- _TASK REQUIREMENTS_
Nothing in the data may be changed; retype all of it.

Excerpts from a dataset
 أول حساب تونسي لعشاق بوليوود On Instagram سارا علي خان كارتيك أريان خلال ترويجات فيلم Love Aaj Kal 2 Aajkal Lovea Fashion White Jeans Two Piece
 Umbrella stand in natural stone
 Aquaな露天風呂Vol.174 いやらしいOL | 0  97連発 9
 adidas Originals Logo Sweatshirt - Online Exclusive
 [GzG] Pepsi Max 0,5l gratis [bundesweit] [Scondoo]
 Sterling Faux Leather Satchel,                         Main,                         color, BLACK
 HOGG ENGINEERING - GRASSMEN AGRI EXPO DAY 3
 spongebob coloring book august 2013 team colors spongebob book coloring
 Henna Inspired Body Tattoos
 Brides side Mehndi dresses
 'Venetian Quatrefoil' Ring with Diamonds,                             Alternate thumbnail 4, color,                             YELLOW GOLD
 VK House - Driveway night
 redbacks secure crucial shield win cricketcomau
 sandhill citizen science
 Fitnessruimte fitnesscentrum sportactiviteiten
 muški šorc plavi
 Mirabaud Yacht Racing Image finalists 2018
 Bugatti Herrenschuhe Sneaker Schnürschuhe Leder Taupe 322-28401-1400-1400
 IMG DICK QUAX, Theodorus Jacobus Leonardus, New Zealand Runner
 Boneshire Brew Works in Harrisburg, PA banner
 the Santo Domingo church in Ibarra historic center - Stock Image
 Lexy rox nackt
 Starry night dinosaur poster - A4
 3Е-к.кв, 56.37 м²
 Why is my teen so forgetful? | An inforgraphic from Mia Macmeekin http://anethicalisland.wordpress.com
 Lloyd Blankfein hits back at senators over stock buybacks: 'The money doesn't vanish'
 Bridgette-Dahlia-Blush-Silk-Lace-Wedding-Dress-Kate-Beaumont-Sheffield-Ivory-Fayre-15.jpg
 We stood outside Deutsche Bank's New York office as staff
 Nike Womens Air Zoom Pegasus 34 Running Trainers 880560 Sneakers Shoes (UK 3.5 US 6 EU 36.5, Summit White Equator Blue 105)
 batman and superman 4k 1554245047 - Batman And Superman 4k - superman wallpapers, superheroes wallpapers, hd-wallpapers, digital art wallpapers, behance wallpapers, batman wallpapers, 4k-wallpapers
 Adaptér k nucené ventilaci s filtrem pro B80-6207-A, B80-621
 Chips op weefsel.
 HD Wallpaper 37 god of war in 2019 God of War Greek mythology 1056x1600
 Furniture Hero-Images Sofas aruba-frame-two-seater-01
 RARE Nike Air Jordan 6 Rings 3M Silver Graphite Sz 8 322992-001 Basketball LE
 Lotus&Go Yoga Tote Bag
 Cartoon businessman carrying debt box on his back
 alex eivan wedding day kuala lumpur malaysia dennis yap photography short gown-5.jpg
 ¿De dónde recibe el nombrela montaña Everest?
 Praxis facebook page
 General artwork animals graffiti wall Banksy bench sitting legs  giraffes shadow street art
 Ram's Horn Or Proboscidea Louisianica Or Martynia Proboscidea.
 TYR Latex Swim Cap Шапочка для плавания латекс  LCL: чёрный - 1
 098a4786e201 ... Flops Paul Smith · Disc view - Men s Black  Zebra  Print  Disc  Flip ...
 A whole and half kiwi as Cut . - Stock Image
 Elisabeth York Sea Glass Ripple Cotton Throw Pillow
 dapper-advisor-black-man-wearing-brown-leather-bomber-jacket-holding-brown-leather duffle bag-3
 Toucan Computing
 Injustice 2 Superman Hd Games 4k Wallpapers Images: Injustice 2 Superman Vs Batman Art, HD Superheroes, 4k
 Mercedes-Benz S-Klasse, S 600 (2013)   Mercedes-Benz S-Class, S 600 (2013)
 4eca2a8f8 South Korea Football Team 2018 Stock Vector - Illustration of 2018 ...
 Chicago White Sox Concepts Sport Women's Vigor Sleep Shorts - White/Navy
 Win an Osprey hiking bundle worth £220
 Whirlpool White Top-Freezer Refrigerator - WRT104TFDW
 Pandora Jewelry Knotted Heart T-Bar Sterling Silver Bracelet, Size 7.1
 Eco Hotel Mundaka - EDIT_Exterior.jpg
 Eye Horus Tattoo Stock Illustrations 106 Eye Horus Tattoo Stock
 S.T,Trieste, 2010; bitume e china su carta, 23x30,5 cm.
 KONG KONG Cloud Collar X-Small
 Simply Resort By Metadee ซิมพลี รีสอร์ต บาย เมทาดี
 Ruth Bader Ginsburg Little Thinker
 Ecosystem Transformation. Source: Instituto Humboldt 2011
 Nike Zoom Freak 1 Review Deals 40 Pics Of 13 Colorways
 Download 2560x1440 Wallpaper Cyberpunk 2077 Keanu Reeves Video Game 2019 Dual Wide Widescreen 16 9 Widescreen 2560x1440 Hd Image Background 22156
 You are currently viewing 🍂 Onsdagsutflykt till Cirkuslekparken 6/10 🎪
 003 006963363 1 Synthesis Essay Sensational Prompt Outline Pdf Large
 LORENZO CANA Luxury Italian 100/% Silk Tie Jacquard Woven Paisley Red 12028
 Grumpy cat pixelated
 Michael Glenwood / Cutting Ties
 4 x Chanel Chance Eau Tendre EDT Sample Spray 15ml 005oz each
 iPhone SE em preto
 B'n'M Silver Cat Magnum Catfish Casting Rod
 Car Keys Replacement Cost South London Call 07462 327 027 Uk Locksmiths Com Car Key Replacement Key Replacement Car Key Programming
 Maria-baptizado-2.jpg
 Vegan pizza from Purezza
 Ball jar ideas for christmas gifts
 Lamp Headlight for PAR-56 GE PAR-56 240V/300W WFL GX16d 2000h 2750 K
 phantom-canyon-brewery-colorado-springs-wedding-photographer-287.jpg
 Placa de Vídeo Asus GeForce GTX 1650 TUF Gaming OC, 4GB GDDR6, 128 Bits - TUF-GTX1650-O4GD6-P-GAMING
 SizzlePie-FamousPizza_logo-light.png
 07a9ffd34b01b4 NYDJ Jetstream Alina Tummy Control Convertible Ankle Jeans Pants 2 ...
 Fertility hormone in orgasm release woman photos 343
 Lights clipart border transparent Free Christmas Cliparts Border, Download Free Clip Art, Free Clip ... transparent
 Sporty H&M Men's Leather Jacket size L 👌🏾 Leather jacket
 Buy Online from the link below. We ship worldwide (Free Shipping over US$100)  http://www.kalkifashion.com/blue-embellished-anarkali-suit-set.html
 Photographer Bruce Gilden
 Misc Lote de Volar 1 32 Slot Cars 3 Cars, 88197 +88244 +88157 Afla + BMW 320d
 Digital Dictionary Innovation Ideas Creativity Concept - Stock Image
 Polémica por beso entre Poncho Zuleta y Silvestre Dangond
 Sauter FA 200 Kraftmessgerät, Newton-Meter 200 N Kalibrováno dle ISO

- _THE COMPLETED TASK_
 أول حساب تونسي لعشاق بوليوود On Instagram سارا علي خان كارتيك أريان خلال ترويجات فيلم Love Aaj Kal 2 Aajkal Lovea Fashion White Jeans Two Piece
 Umbrella stand in natural stone
 Aquaな露天風呂Vol.174 いやらしいOL | 0  97連発 9
 adidas Originals Logo Sweatshirt - Online Exclusive
 [GzG] Pepsi Max 0,5l gratis [bundesweit] [Scondoo]
 Sterling Faux Leather Satchel,                         Main,                         color, BLACK
 HOGG ENGINEERING - GRASSMEN AGRI EXPO DAY 3
 spongebob coloring book august 2013 team colors spongebob book coloring
 Henna Inspired Body Tattoos
 Brides side Mehndi dresses
 'Venetian Quatrefoil' Ring with Diamonds,                             Alternate thumbnail 4, color,                             YELLOW GOLD
 VK House - Driveway night
 redbacks secure crucial shield win cricketcomau
 sandhill citizen science
 Fitnessruimte fitnesscentrum sportactiviteiten
 muški šorc plavi
 Mirabaud Yacht Racing Image finalists 2018
 Bugatti Herrenschuhe Sneaker Schnürschuhe Leder Taupe 322-28401-1400-1400
 IMG DICK QUAX, Theodorus Jacobus Leonardus, New Zealand Runner
 Boneshire Brew Works in Harrisburg, PA banner
 the Santo Domingo church in Ibarra historic center - Stock Image
 Lexy rox nackt
 Starry night dinosaur poster - A4
 3Е-к.кв, 56.37 м²
 Why is my teen so forgetful? | An inforgraphic from Mia Macmeekin http://anethicalisland.wordpress.com
 Lloyd Blankfein hits back at senators over stock buybacks: 'The money doesn't vanish'
 Bridgette-Dahlia-Blush-Silk-Lace-Wedding-Dress-Kate-Beaumont-Sheffield-Ivory-Fayre-15.jpg
 We stood outside Deutsche Bank's New York office as staff
 Nike Womens Air Zoom Pegasus 34 Running Trainers 880560 Sneakers Shoes (UK 3.5 US 6 EU 36.5, Summit White Equator Blue 105)
 batman and superman 4k 1554245047 - Batman And Superman 4k - superman wallpapers, superheroes wallpapers, hd-wallpapers, digital art wallpapers, behance wallpapers, batman wallpapers, 4k-wallpapers
 Adaptér k nucené ventilaci s filtrem pro B80-6207-A, B80-621
 Chips op weefsel.
 HD Wallpaper 37 god of war in 2019 God of War Greek mythology 1056x1600
 Furniture Hero-Images Sofas aruba-frame-two-seater-01
 RARE Nike Air Jordan 6 Rings 3M Silver Graphite Sz 8 322992-001 Basketball LE
 Lotus&Go Yoga Tote Bag
 Cartoon businessman carrying debt box on his back
 alex eivan wedding day kuala lumpur malaysia dennis yap photography short gown-5.jpg
 ¿De dónde recibe el nombrela montaña Everest?
 Praxis facebook page
 General artwork animals graffiti wall Banksy bench sitting legs  giraffes shadow street art
 Ram's Horn Or Proboscidea Louisianica Or Martynia Proboscidea.
 TYR Latex Swim Cap Шапочка для плавания латекс  LCL: чёрный - 1
 098a4786e201 ... Flops Paul Smith · Disc view - Men s Black  Zebra  Print  Disc  Flip ...
 A whole and half kiwi as Cut . - Stock Image
 Elisabeth York Sea Glass Ripple Cotton Throw Pillow
 dapper-advisor-black-man-wearing-brown-leather-bomber-jacket-holding-brown-leather duffle bag-3
 Toucan Computing
 Injustice 2 Superman Hd Games 4k Wallpapers Images: Injustice 2 Superman Vs Batman Art, HD Superheroes, 4k
 Mercedes-Benz S-Klasse, S 600 (2013)   Mercedes-Benz S-Class, S 600 (2013)
 4eca2a8f8 South Korea Football Team 2018 Stock Vector - Illustration of 2018 ...
 Chicago White Sox Concepts Sport Women's Vigor Sleep Shorts - White/Navy
 Win an Osprey hiking bundle worth £220
 Whirlpool White Top-Freezer Refrigerator - WRT104TFDW
 Pandora Jewelry Knotted Heart T-Bar Sterling Silver Bracelet, Size 7.1
 Eco Hotel Mundaka - EDIT_Exterior.jpg
 Eye Horus Tattoo Stock Illustrations 106 Eye Horus Tattoo Stock
 S.T,Trieste, 2010; bitume e china su carta, 23x30,5 cm.
 KONG KONG Cloud Collar X-Small
 Simply Resort By Metadee ซิมพลี รีสอร์ต บาย เมทาดี
 Ruth Bader Ginsburg Little Thinker
 Ecosystem Transformation. Source: Instituto Humboldt 2011
 Nike Zoom Freak 1 Review Deals 40 Pics Of 13 Colorways
 Download 2560x1440 Wallpaper Cyberpunk 2077 Keanu Reeves Video Game 2019 Dual Wide Widescreen 16 9 Widescreen 2560x1440 Hd Image Background 22156
 You are currently viewing 🍂 Onsdagsutflykt till Cirkuslekparken 6/10 🎪
 003 006963363 1 Synthesis Essay Sensational Prompt Outline Pdf Large
 LORENZO CANA Luxury Italian 100/% Silk Tie Jacquard Woven Paisley Red 12028
 Grumpy cat pixelated
 Michael Glenwood / Cutting Ties
 4 x Chanel Chance Eau Tendre EDT Sample Spray 15ml 005oz each
 iPhone SE em preto
 B'n'M Silver Cat Magnum Catfish Casting Rod
 Car Keys Replacement Cost South London Call 07462 327 027 Uk Locksmiths Com Car Key Replacement Key Replacement Car Key Programming
 Maria-baptizado-2.jpg
 Vegan pizza from Purezza
 Ball jar ideas for christmas gifts
 Lamp Headlight for PAR-56 GE PAR-56 240V/300W WFL GX16d 2000h 2750 K
 phantom-canyon-brewery-colorado-springs-wedding-photographer-287.jpg
 Placa de Vídeo Asus GeForce GTX 1650 TUF Gaming OC, 4GB GDDR6, 128 Bits - TUF-GTX1650-O4GD6-P-GAMING
 SizzlePie-FamousPizza_logo-light.png
 07a9ffd34b01b4 NYDJ Jetstream Alina Tummy Control Convertible Ankle Jeans Pants 2 ...
 Fertility hormone in orgasm release woman photos 343
 Lights clipart border transparent Free Christmas Cliparts Border, Download Free Clip Art, Free Clip ... transparent
 Sporty H&M Men's Leather Jacket size L 👌🏾 Leather jacket
 Buy Online from the link below. We ship worldwide (Free Shipping over US$100)  http://www.kalkifashion.com/blue-embellished-anarkali-suit-set.html
 Photographer Bruce Gilden
 Misc Lote de Volar 1 32 Slot Cars 3 Cars, 88197 +88244 +88157 Afla + BMW 320d
 Digital Dictionary Innovation Ideas Creativity Concept - Stock Image
 Polémica por beso entre Poncho Zuleta y Silvestre Dangond
 Sauter FA 200 Kraftmessgerät, Newton-Meter 200 N Kalibrováno dle ISO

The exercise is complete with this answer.